Exercise data –
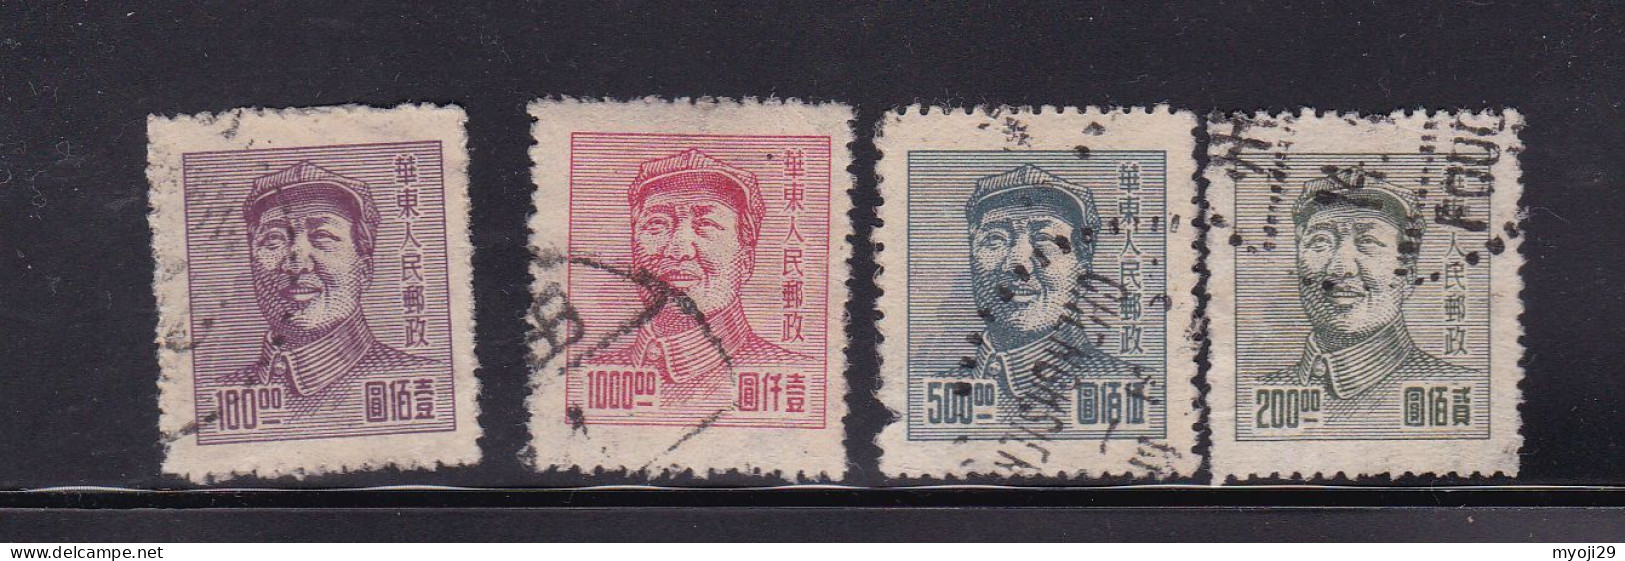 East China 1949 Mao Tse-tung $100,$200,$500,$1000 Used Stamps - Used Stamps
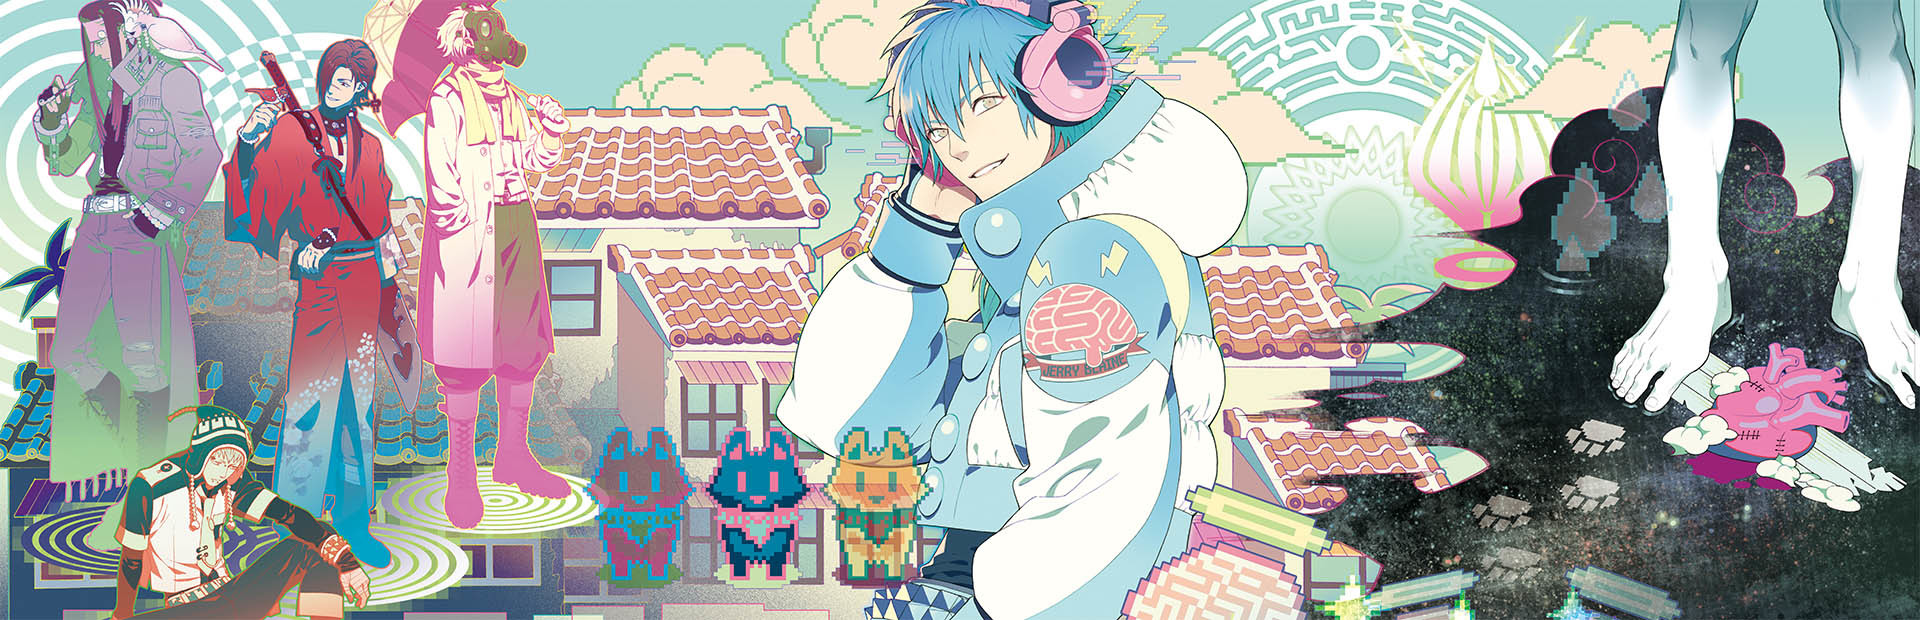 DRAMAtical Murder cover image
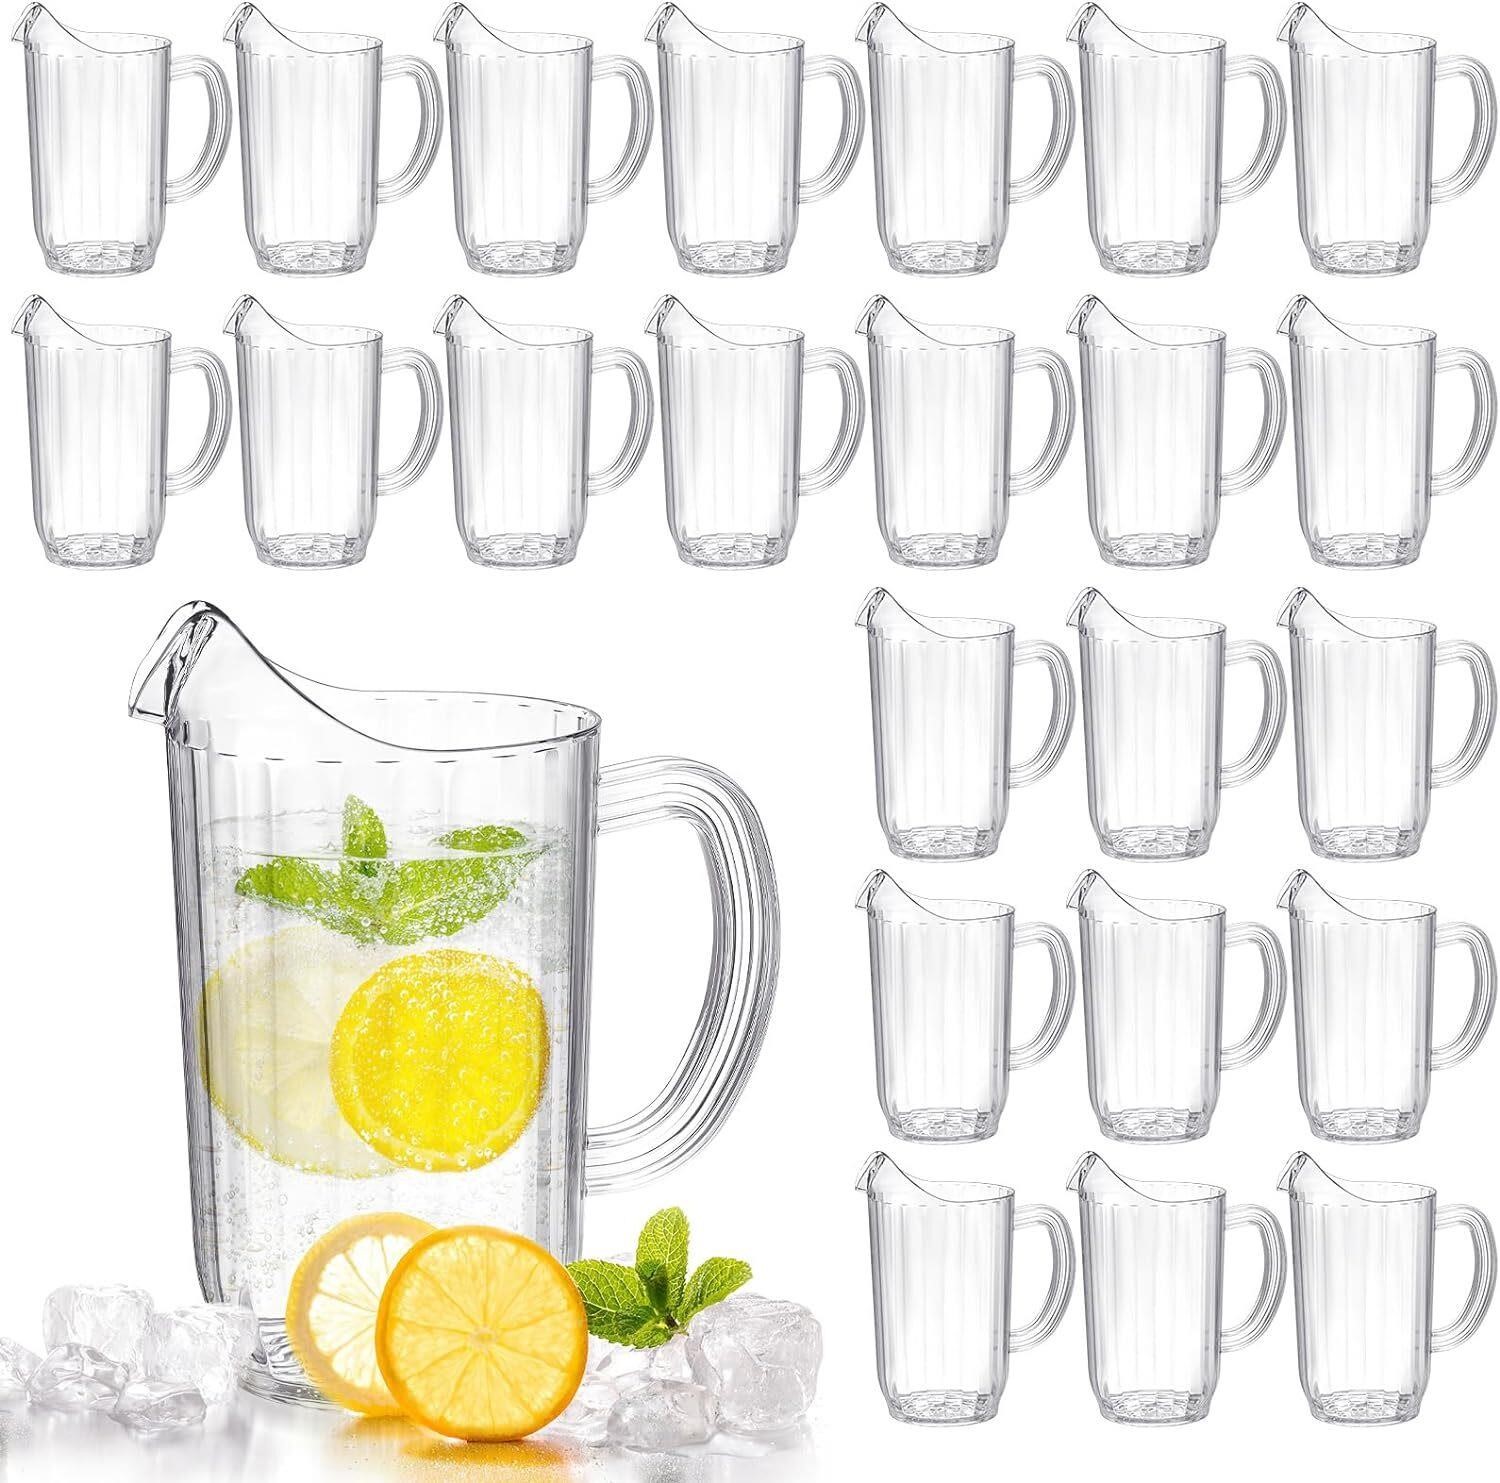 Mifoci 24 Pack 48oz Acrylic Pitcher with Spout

Exercise goal –
Wherever an image sits in the data, omit it; everything else must be copied exactly.

Task result –
 East China 1949 Mao Tse-tung $100,$200,$500,$1000 Used Stamps - Used Stamps
 DRAMAtical Murder cover image
 Mifoci 24 Pack 48oz Acrylic Pitcher with Spout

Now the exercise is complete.